If some of your DSAs are connected by latent links, updates to the entire directory will be slower. This is because multiwrite replication is synchronous by default. In synchronous replication, an update operation is not confirmed until all the multiwrite peers have applied it, which provides for loadsharing and failover.
If your backbone includes any slow network connections, you should set up multiwrite groups. DSAs connected by slow links should be in different groups.
Within a multiwrite group, replication is synchronous. Between groups, replication is asynchronous.
How Multiwrite Groups Work
For each namespace partition, each group has one hub DSA. This is the DSA that accepts multiwrite requests from DSAs in other groups.
The following diagram shows a backbone with one namespace partition (Staff) across three regions:
A backbone with one namespace partition, Staff across three regions
A backbone with one namespace partition, Staff across three regions
The diagram shows the following steps:
  1. Write to self (synchronous):
    A client sends an update request to a DSA, which applies the update to itself.
  2. Write to peers in group:
    If the local update succeeds, the DSA sends the request to its peers in the same group. If these updates succeed, the peers send confirmations back to the first DSA.
  3. Send response to client:
    When the first DSA has received confirmation from each peer in its region, it sends the confirmation response to the client.
  4. Write to hub DSAs in other groups (asynchronous):
    The first DSA sends the request to the hub DSAs in each of the other groups.
  5. Hub DSAs write to peers:
    Each hub DSA sends the request to the other DSAs in its group.
    The following steps are not shown in the diagram.

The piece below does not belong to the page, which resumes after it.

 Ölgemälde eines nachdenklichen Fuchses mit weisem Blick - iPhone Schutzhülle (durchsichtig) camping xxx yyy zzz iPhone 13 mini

  6. Peer DSAs write to self:
    Each peer DSA makes the update.
  7. Peer DSAs send confirmation to hubs:
    Each peer DSA sends confirmation of the update to the hub DSA of their group.
  8. Hub DSAs send confirmation to the first DSA:
    Each hub DSA sends the confirmation response to the first DSA. This DSA has already sent confirmation back to the client, so the client is not affected by the slow links.

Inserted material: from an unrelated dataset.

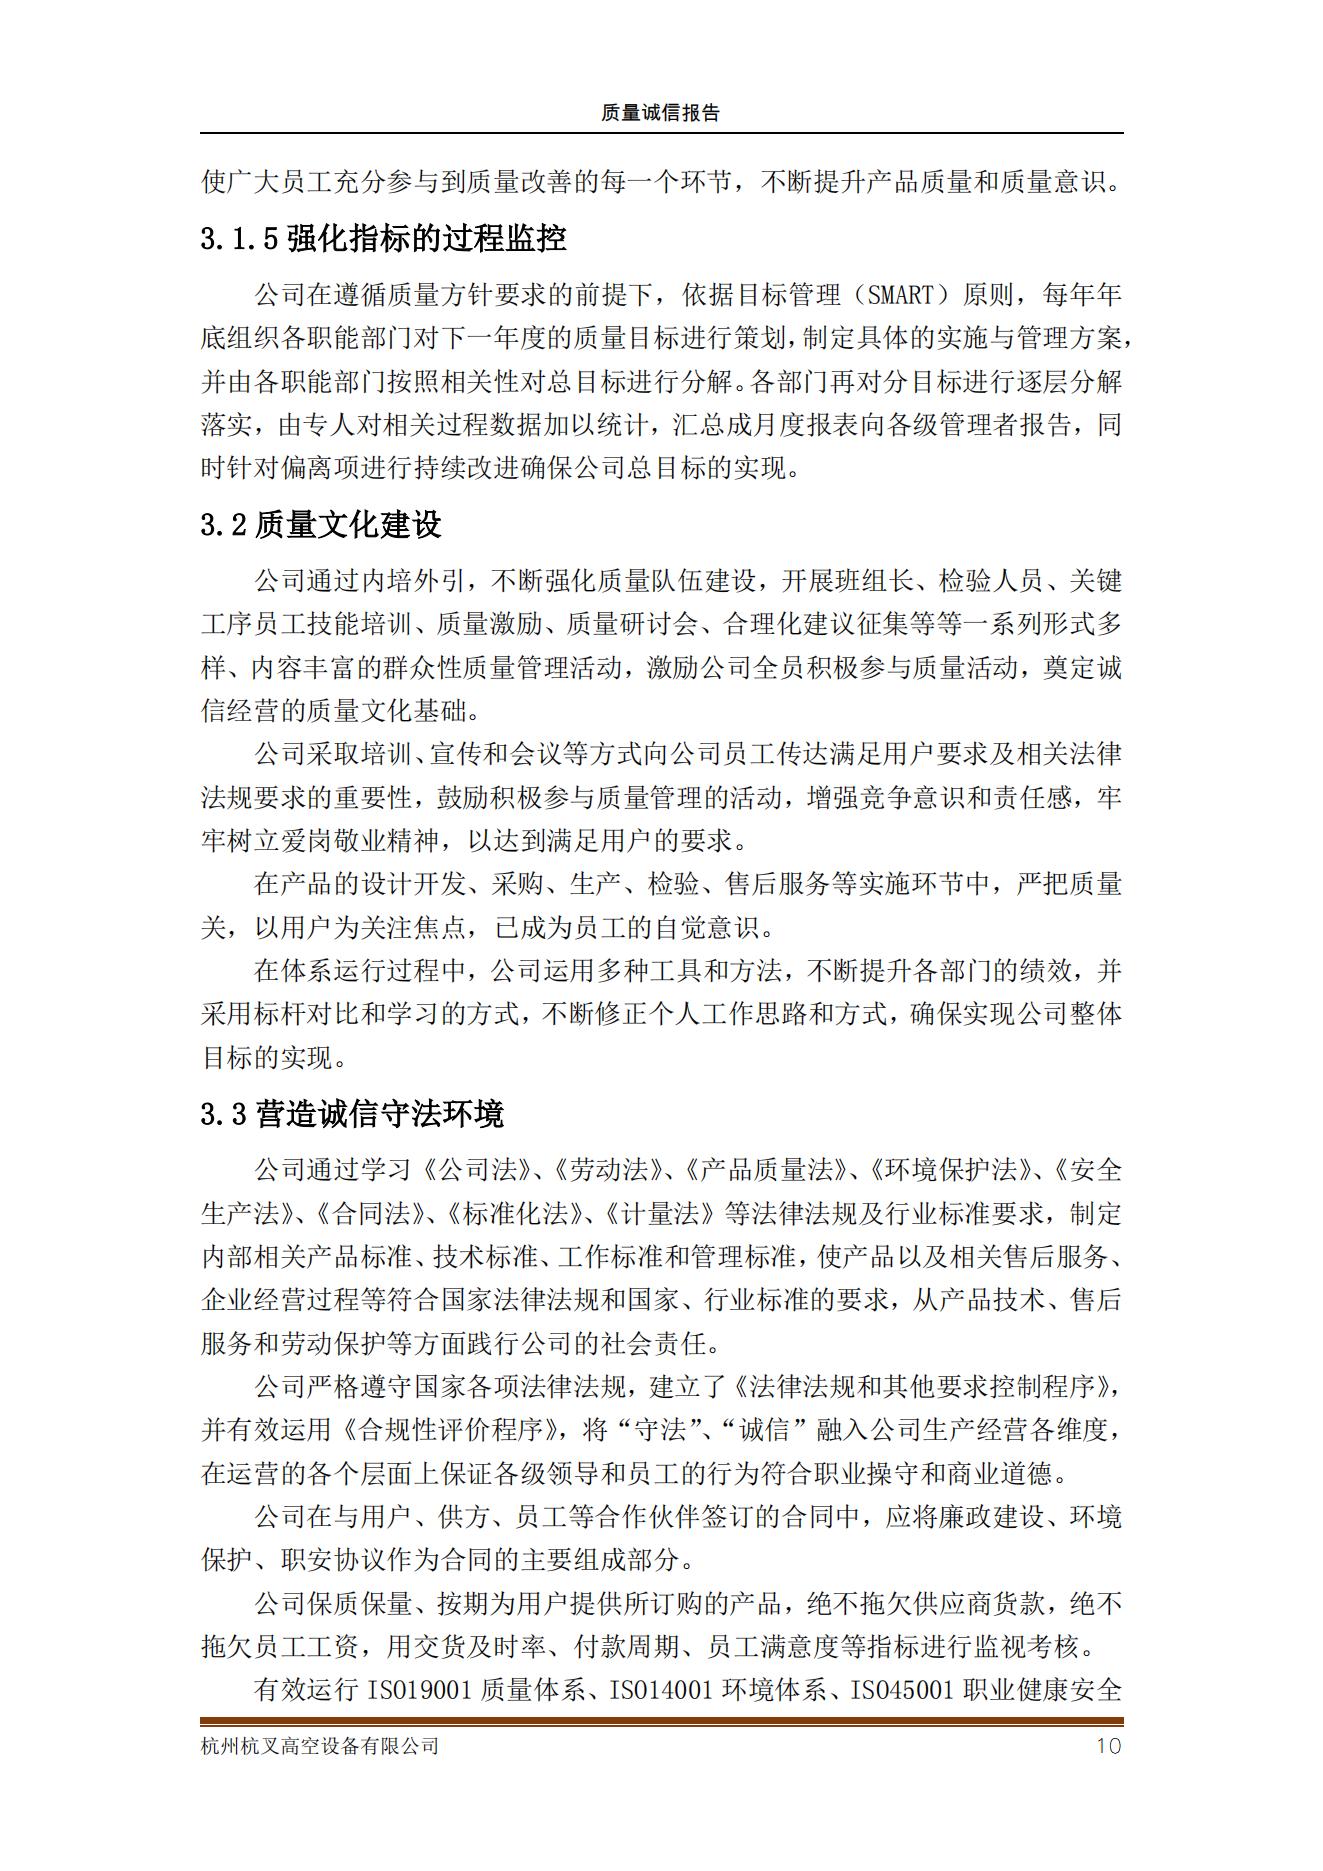 杭州杭叉高空設備公司2021年質量誠信報告(圖10)

Example A Backbone with Three Multiwrite Groups
A global company has directory hosts in North America, Central America, North Africa and Europe.

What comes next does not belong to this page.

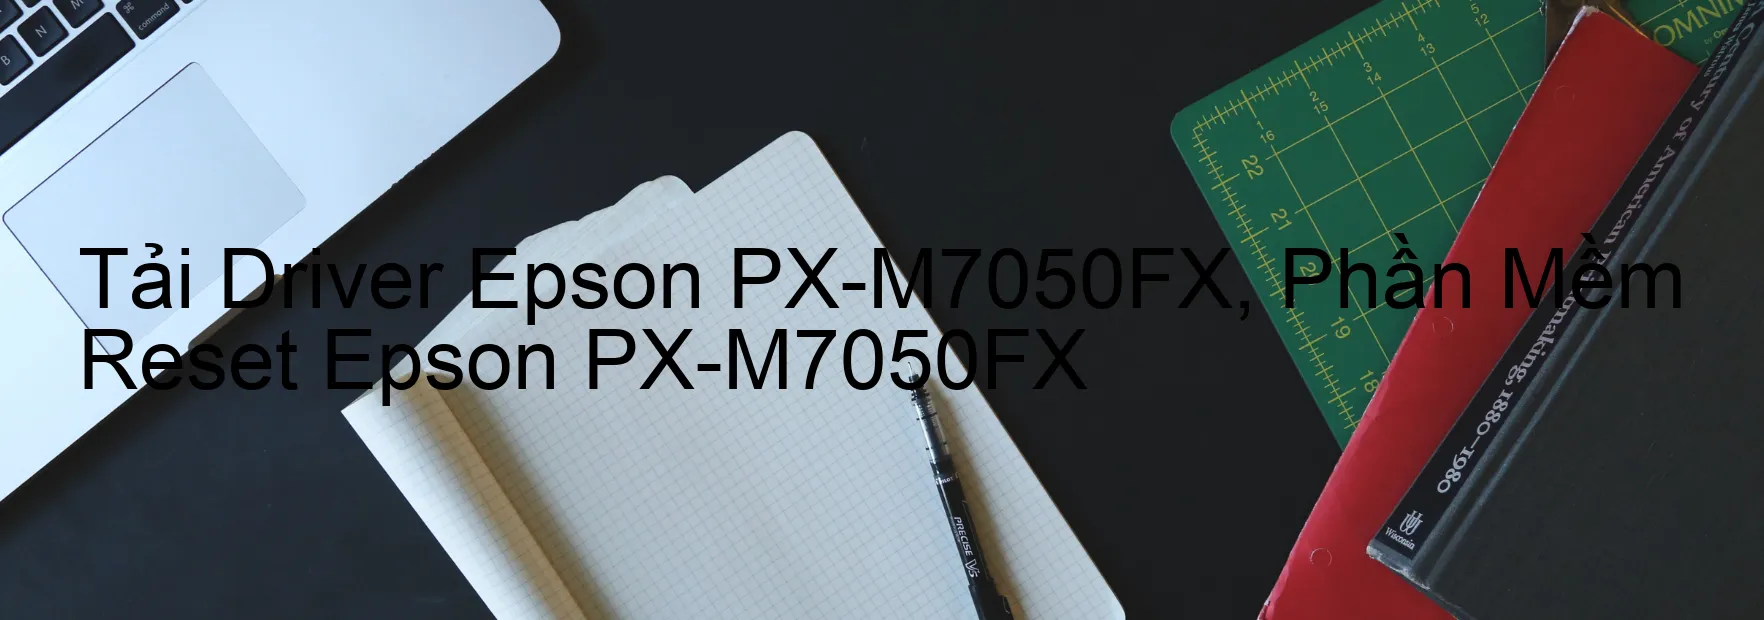 Driver Epson PX-M7050FX, Phần Mềm Reset Epson PX-M7050FX

This diagram shows the speed of the network connections between the sites:
Map showing which sites are connected by slow and fast links
Sites 1, 2, 3, 4, and 5 are linked by fast connections. Sites 6, 7, 8, and 9 are also linked by fast connections.
However, these two groups of sites are connected by slow links. Also, Site 10 is only connected to other sites by slow links.
The directory designers decide to create the following groups:
Group A
Group B
Group C
Site 1, Site 2, Site 3, Site 4, Site 5
Site 6, Site 7, Site 8, Site 9
Site 10
Example Shutting Down a Data Centre
Using the previous example, if Group A needs to be taken offline where:
  • All the DSAs have “set wait-for-multiwrite = true;”
  • All the DSAs have “set multi-write-disp-recovery = false;”
Group A
Group B
Group C
Site 1, Site 2, Site 3, Site 4, Site 5
Site 6, Site 7, Site 8, Site 9
Site 10
This scenario allows all the DSAs to be stopped while updates are coming in from Group B and Group C.
For all the multi-write group DSAs in Site 1, Site 2, Site 3, Site 4 & Site 5 servicing Group A:
  1. Run the
    set isolate-multi-write-group=true;
    either through the DXconsole or using the configuration (followed by init).
  2. Issue the
    dxserver stop
    command for each DSA.
  3. Once the queues have drained (if any), the DSAs will stop.
  4. When bringing Group A back online ensure that the “set isolate-multi-write-group” command is not present or set to false.
If Group A is offline for too long, multiwrite queues may fill on Group B and Group C DSAs. If the queues are not large enough or the outage takes too long, then a manual synchronization of all replicating DSAs may be required.